PyTorch View of Preference Training

Suppose we have:

TensorMeaning
chosen_logpsLog probabilities for preferred responses
rejected_logpsLog probabilities for rejected responses

A simplified DPO-style loss may look like:

import torch
import torch.nn.functional as F

beta = 0.1

logits = beta * (chosen_logps - rejected_logps)

loss = -F.logsigmoid(logits).mean()

The model is encouraged to increase probability for preferred outputs relative to rejected outputs.

Unlike ordinary supervised learning, the target is not a single fixed sequence. The target is a preference ordering.

Limits of RLHF

RLHF is powerful, but it has major limitations.

First, reward models are imperfect proxies for human values.

Second, preference optimization may hide rather than solve dangerous behaviors.

Third, RLHF can reduce diversity and originality by pushing models toward highly rewarded styles.

Fourth, preference data is expensive and culturally dependent.

Fifth, RLHF does not guarantee truthfulness. A model may become more persuasive without becoming more accurate.

Finally, RLHF scales poorly if every new capability requires extensive human oversight.

These limitations motivate research into scalable oversight, mechanistic interpretability, constitutional methods, debate systems, verifier models, and automated alignment techniques.

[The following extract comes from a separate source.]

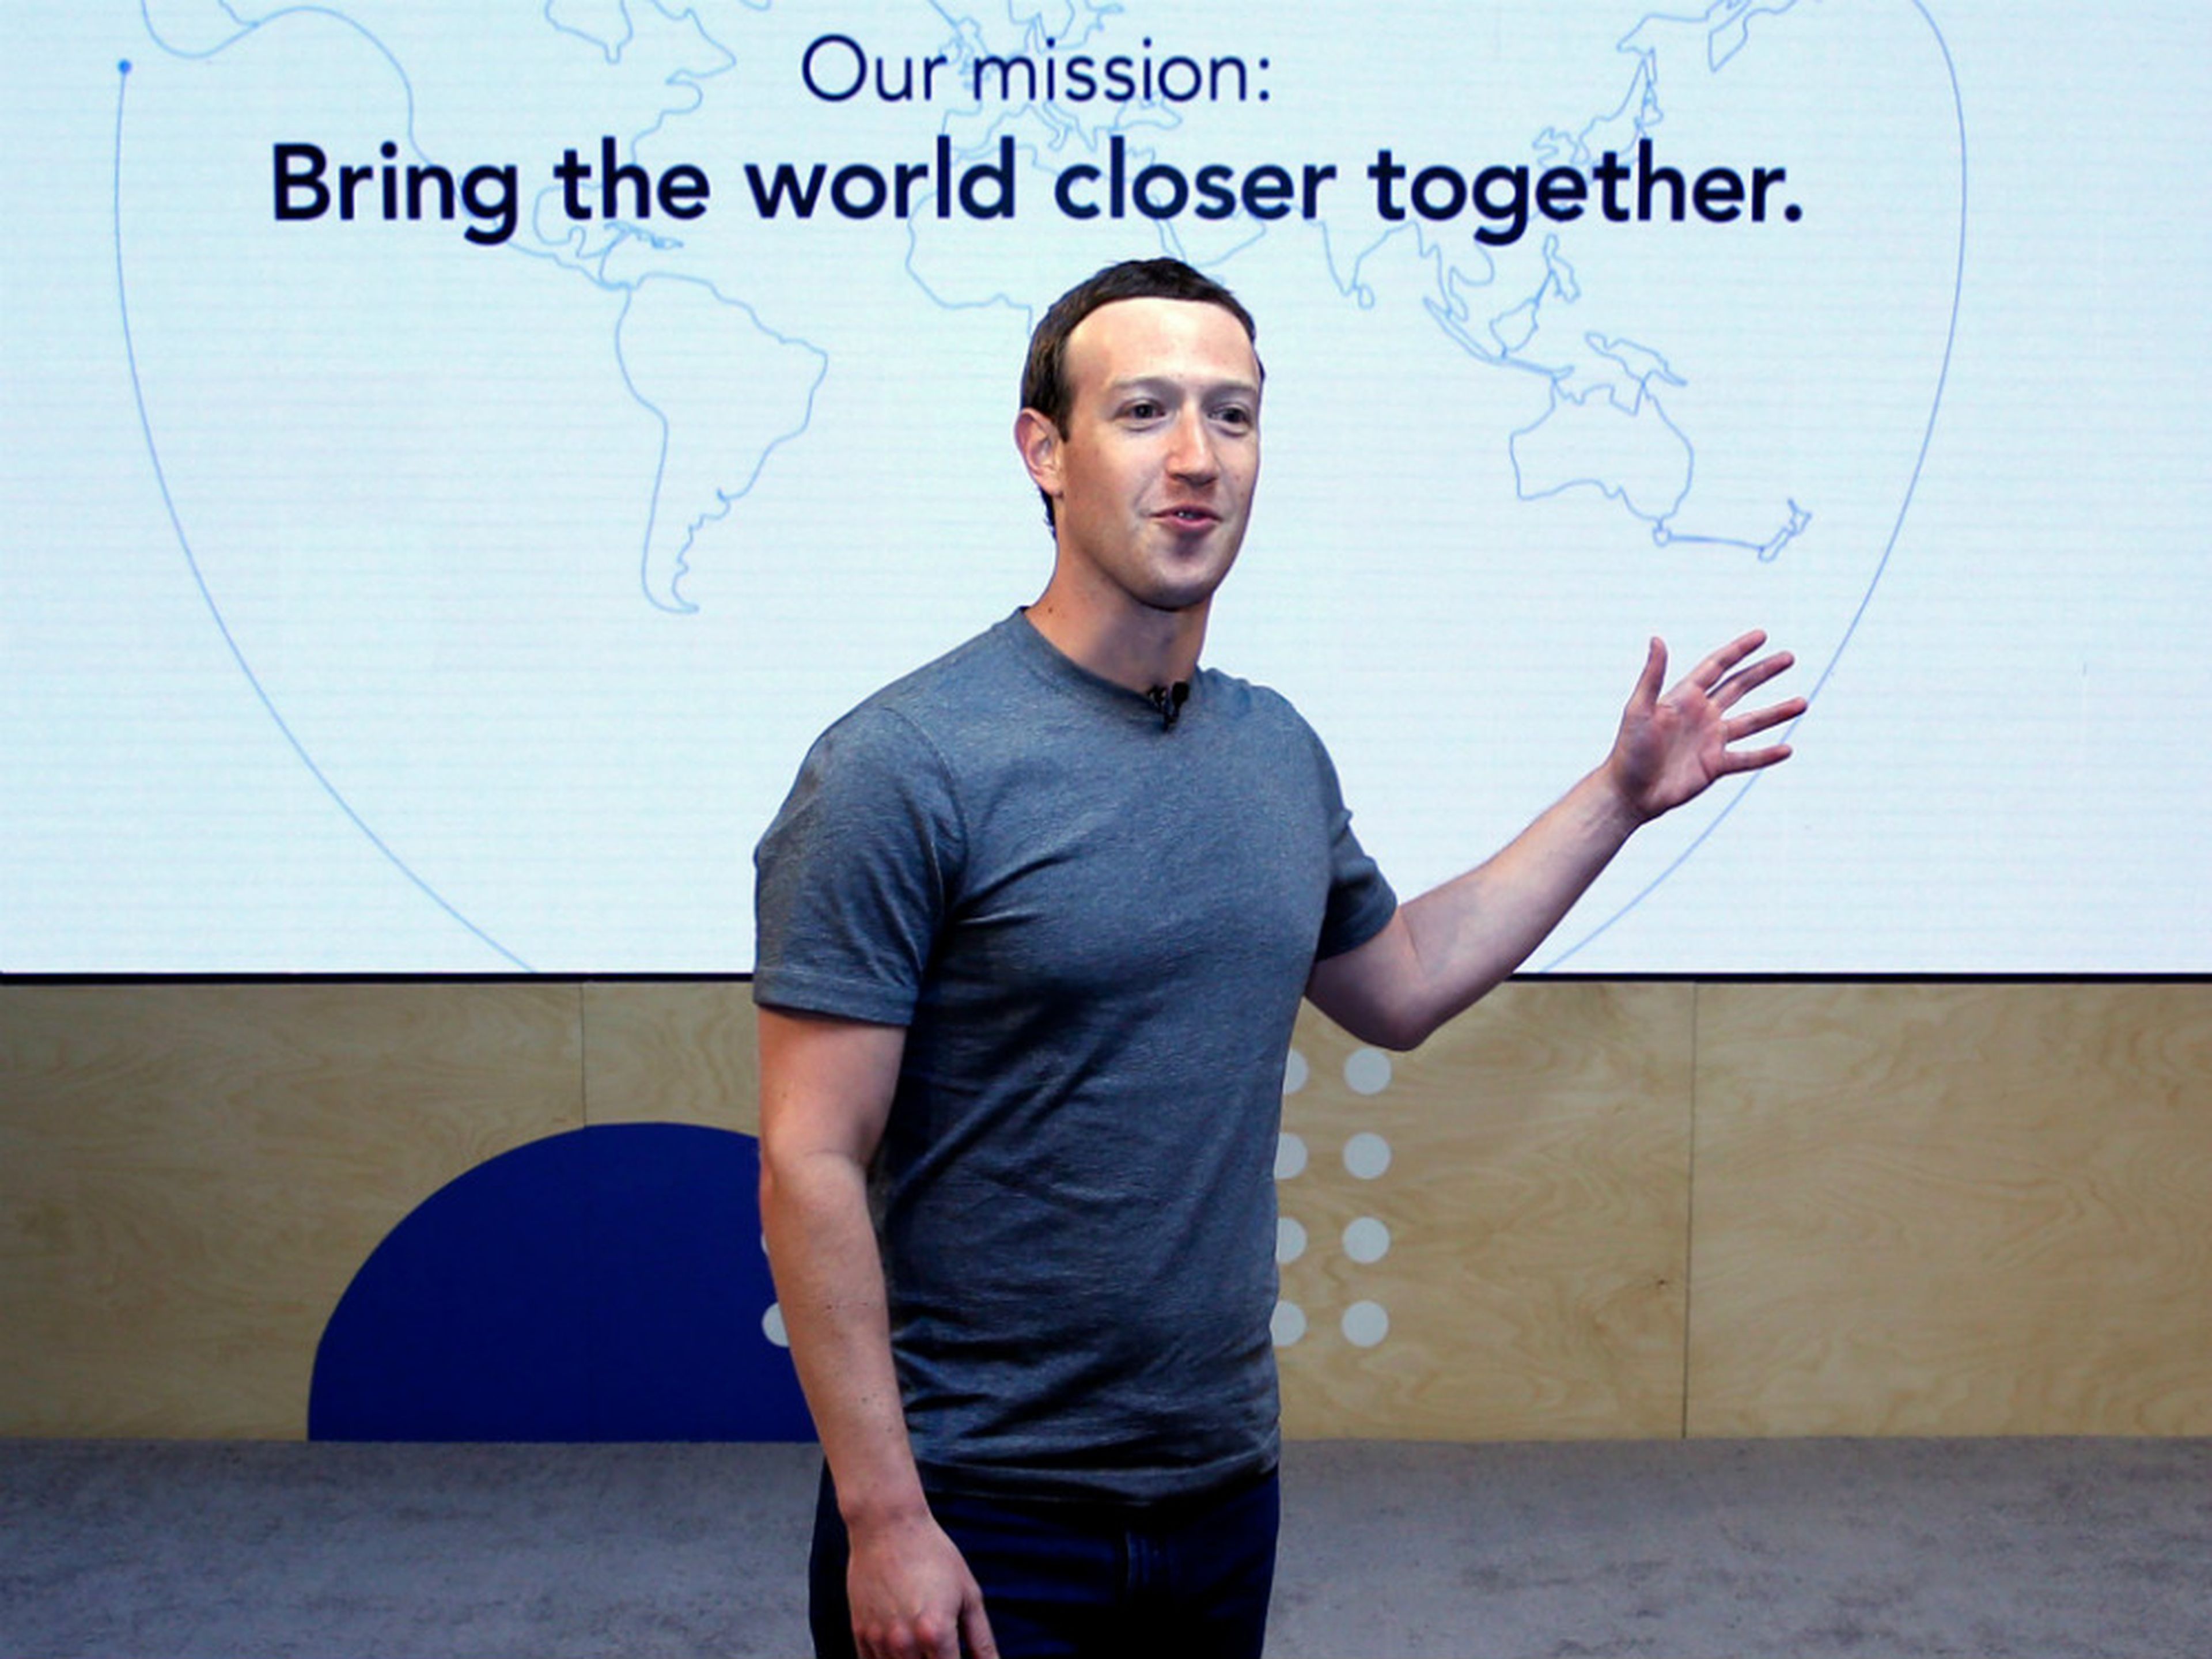 El consejero delegado de Facebook, Mark Zuckerberg.
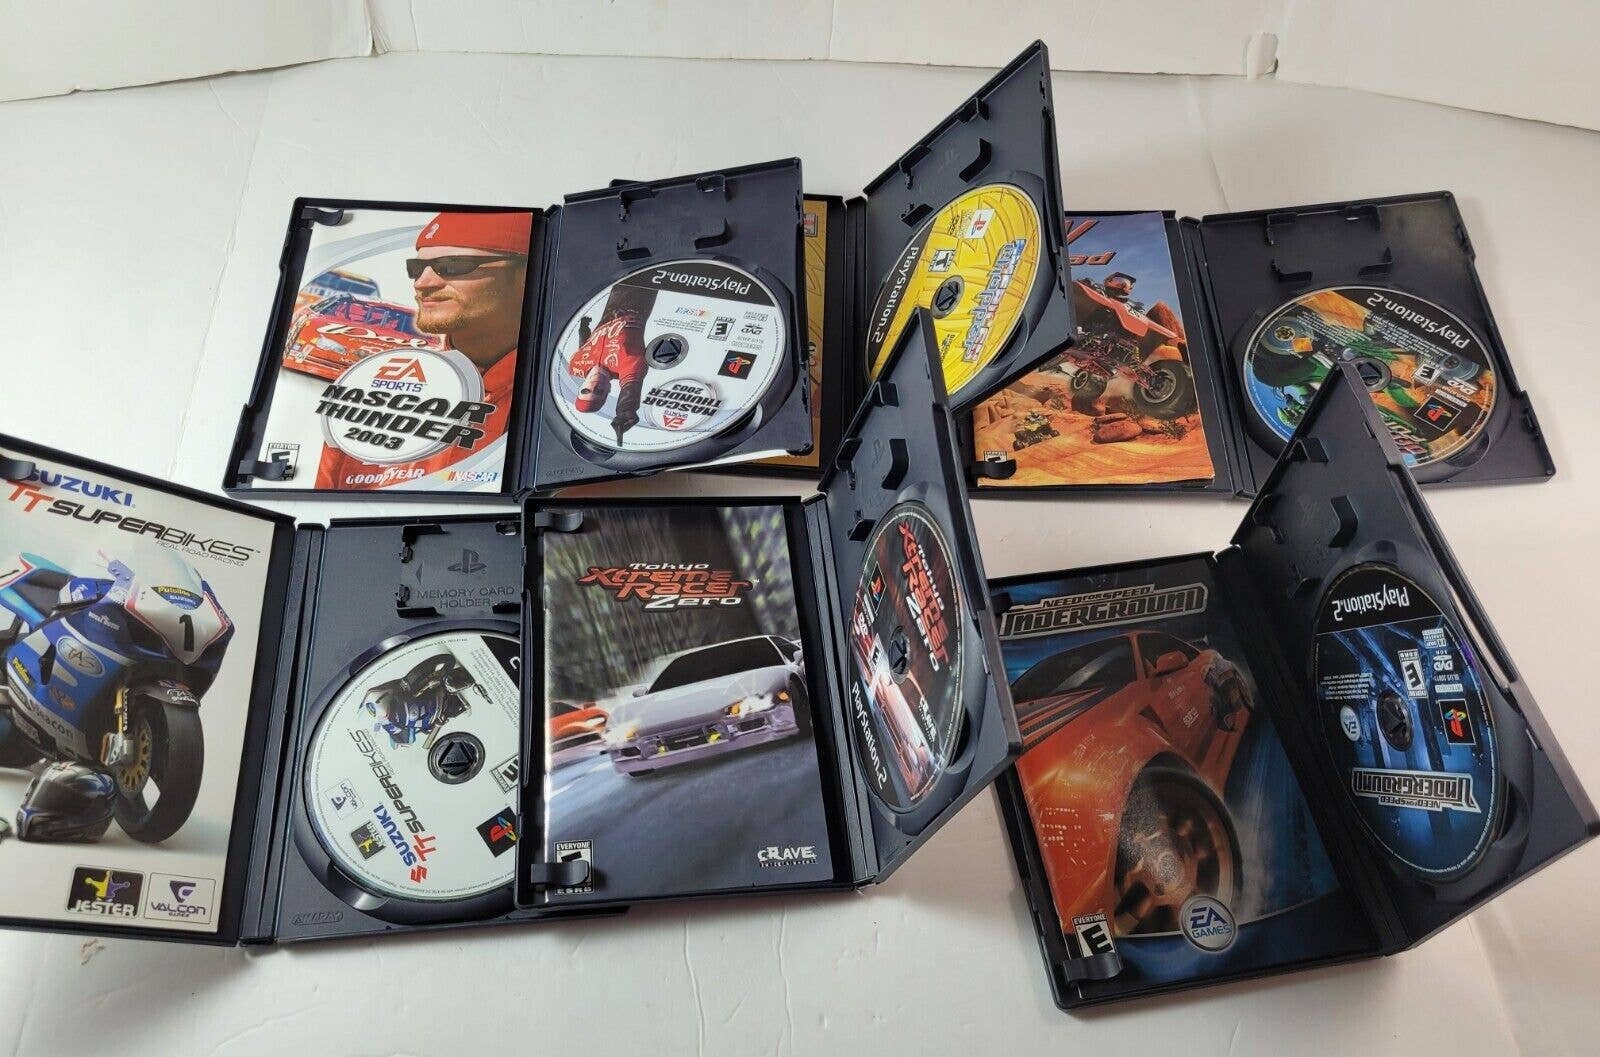 Usado: Jogo Cars - PS2 em Promoção na Americanas

Why RLHF Changed Modern Language Models

Pretrained models can generate fluent text. Instruction-tuned models can follow tasks. RLHF made models substantially more interactive, cooperative, and conversational.

It improved:

CapabilityEffect
Dialogue qualityMore natural interaction
HelpfulnessBetter task completion
Safety behaviorReduced harmful outputs
Refusal behaviorBetter policy compliance
Tone controlMore socially acceptable responses
Multi-turn consistencyImproved conversation flow

Many modern assistants rely heavily on preference optimization.

Without RLHF-style alignment, large language models often behave unpredictably in interactive settings.

Summary

Reinforcement learning from human feedback aligns language models with human preferences using preference comparisons and reward optimization.

The standard RLHF pipeline includes:

  1. Pretraining
  2. Instruction tuning
  3. Preference data collection
  4. Reward model training
  5. Policy optimization

Reward models estimate human preferences statistically, and policy optimization adjusts the model to maximize those rewards while remaining close to the supervised policy.

Modern systems increasingly use preference optimization methods such as DPO rather than classical PPO-based reinforcement learning.

RLHF improves usability, safety, and dialogue quality, but it introduces challenges such as reward hacking, sycophancy, over-optimization, and dependence on imperfect human feedback.